Each screenprint series I do I make sure I try to encorporate a new technique so at least I can learn something from it. One thing that screenprinting offers artists is a nice set of hard restrictions to work with. First of all you are restricted by the costs of printing per color. The below picture are the blended colors for the second pull. More pictures after the jump.
So you naturally want to restrict how many colors you use in a piece. This means you have to be more creative with layering to create more colors as they overlap, or in this case use the technique of blends per pull. Here is the burned screen ready to have the inks applied for the blend.
When the screen is being pulled the inks then blend and roll over each other creating sometimes some marbled patterns. Each time its pulled the blend changes so you get much more variation with blends.

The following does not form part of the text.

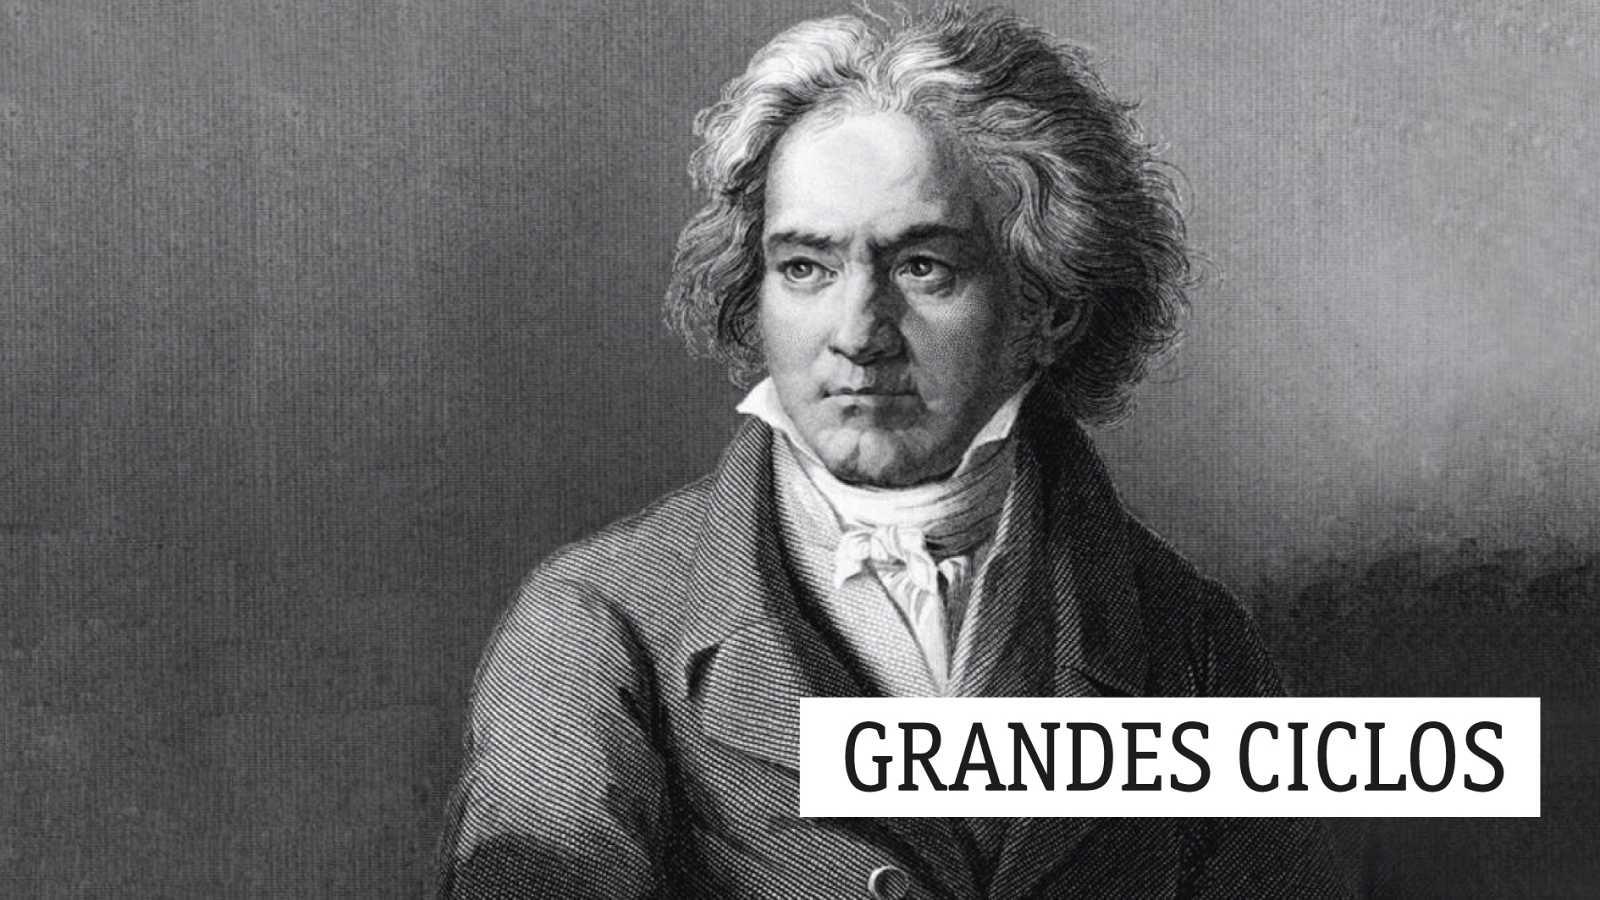 Grandes ciclos - L. van Beethoven (CXII):  El triunfo del ingenio - 28/10/20 - escuchar ahora

You can see here that on this one sheet you see yellow in the center and peach on the sides.
Also as a cost saving measure I arranged 3 separate illustrations on one sheet. The top has "Denbus", the bottom left contains "Deko Rig", and the bottom right contains "Gomi Tora". The crop marks and registration points also show up but they will be cut out so it doesn't matter.
They are then laid on the racks to dry before the next set of colors are applied. To make sure that the next pull lines up with the one below it the machine is adjusted so they align, but its good practice to hit each pull on a couple test papers to allow the ink to soak the screen.
You can see here that the printer here uses the same piece of paper for multiple pieces of work. If you do this enough you get a nice unintentional collage of complete awesome. Sometimes if you ask your printer for these test prints they'll give them to you. If they're as cool as Steve Horvath and Tom Dewar from D&L Screenprinting they will let you.